* What to work on
Please return only the lines from the one holding "Back to School, 1. März, Gemeindesaal, Buchs" through the one holding "RM Beautynails UV-Gel", exactly as they appear in the records below, both ends included.

* Recorded information
++++++

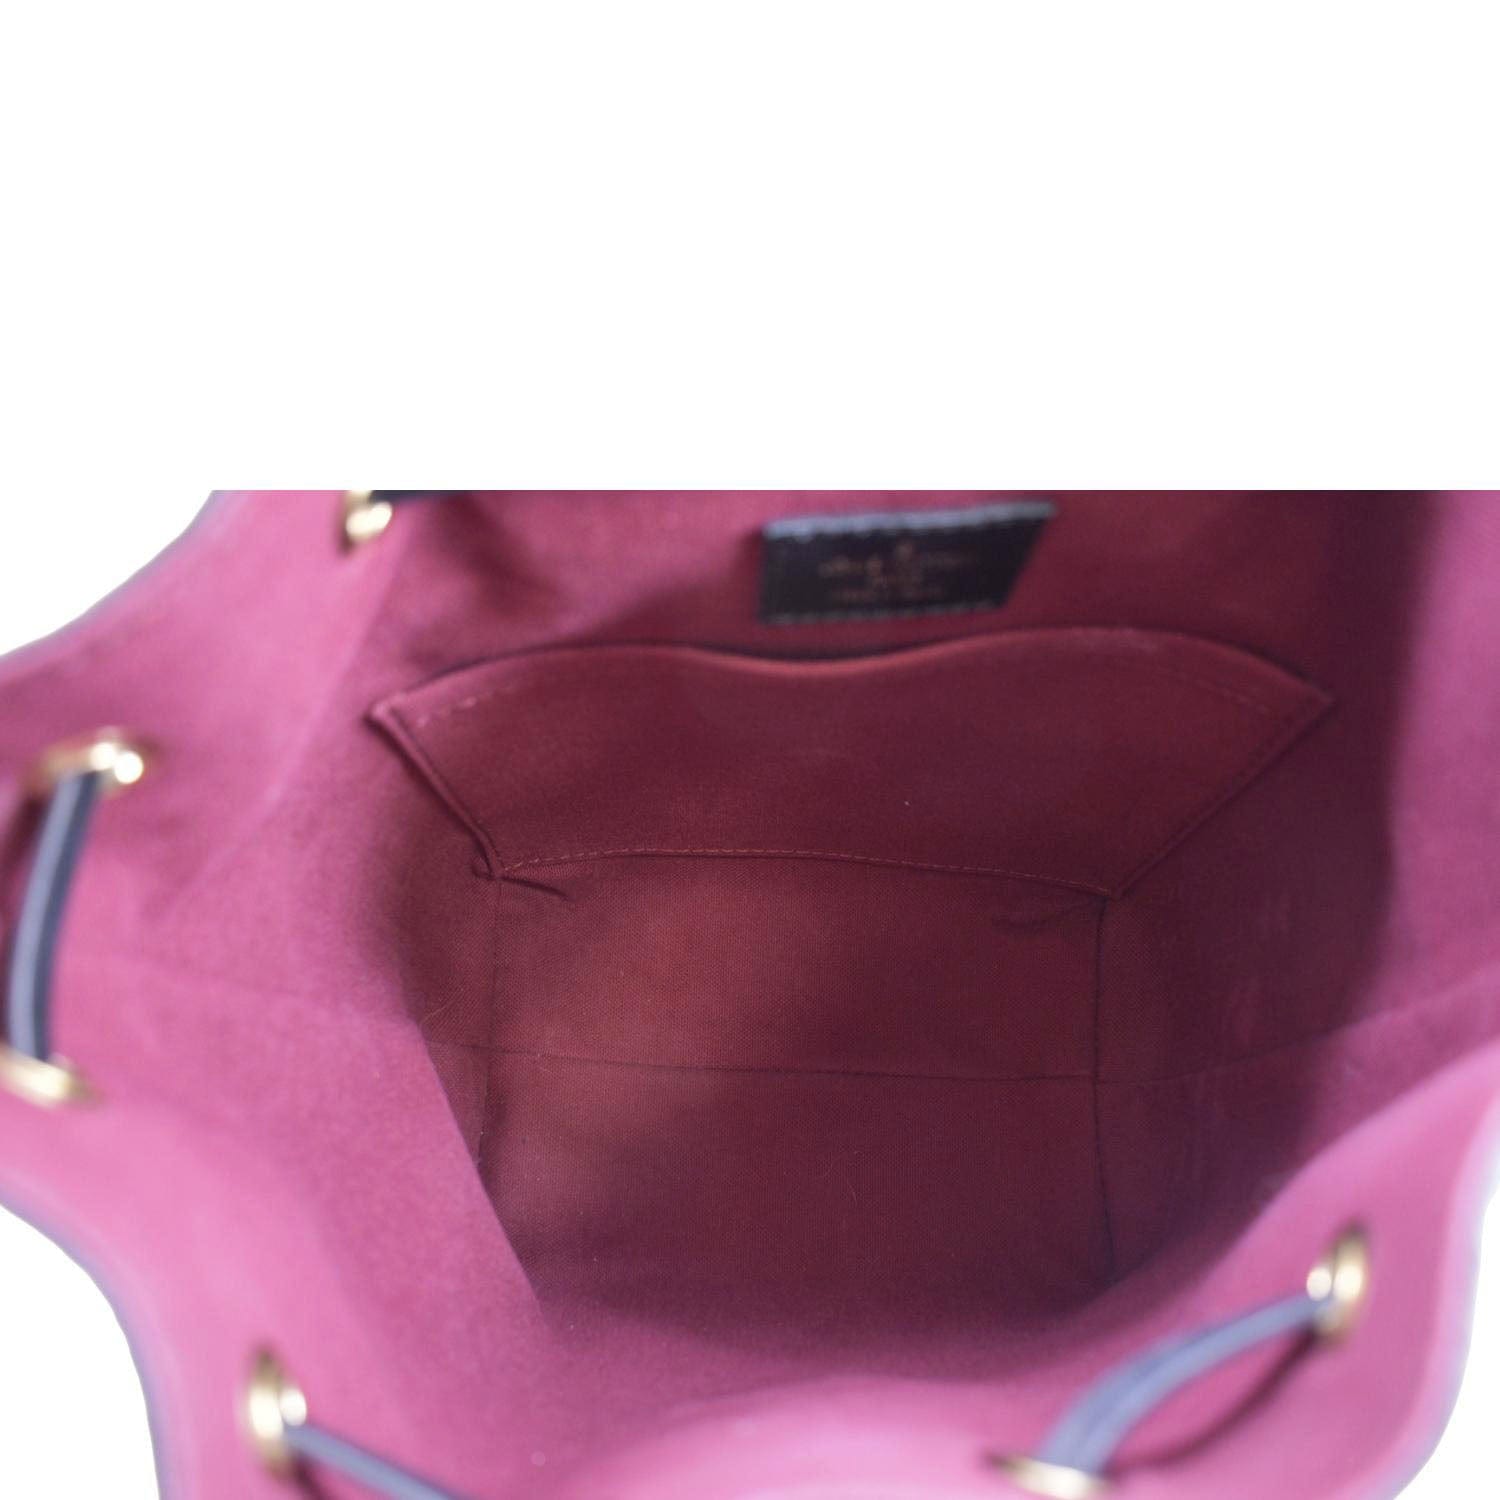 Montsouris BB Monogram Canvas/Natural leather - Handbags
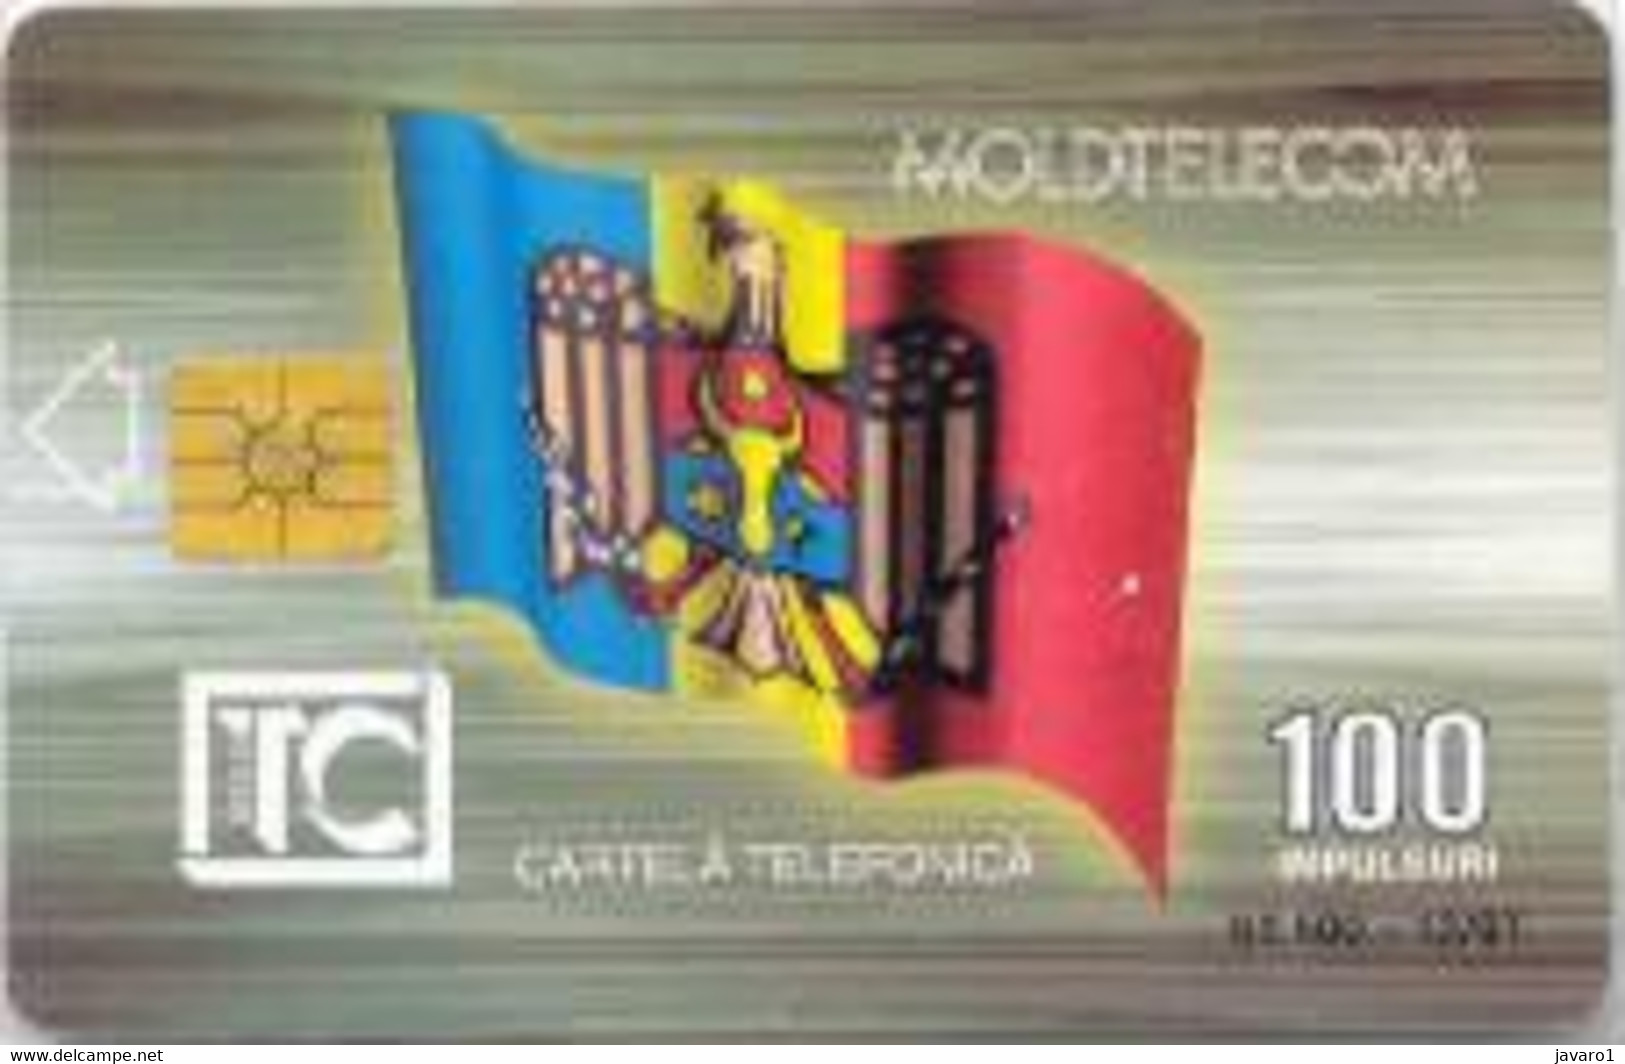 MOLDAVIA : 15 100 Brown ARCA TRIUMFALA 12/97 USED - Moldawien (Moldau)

++++++

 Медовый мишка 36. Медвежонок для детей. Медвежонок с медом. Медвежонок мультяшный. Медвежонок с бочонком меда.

++++++

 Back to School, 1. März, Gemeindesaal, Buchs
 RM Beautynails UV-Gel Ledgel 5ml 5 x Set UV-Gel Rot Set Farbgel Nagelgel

++++++

* Final answer
 Back to School, 1. März, Gemeindesaal, Buchs
 RM Beautynails UV-Gel Ledgel 5ml 5 x Set UV-Gel Rot Set Farbgel Nagelgel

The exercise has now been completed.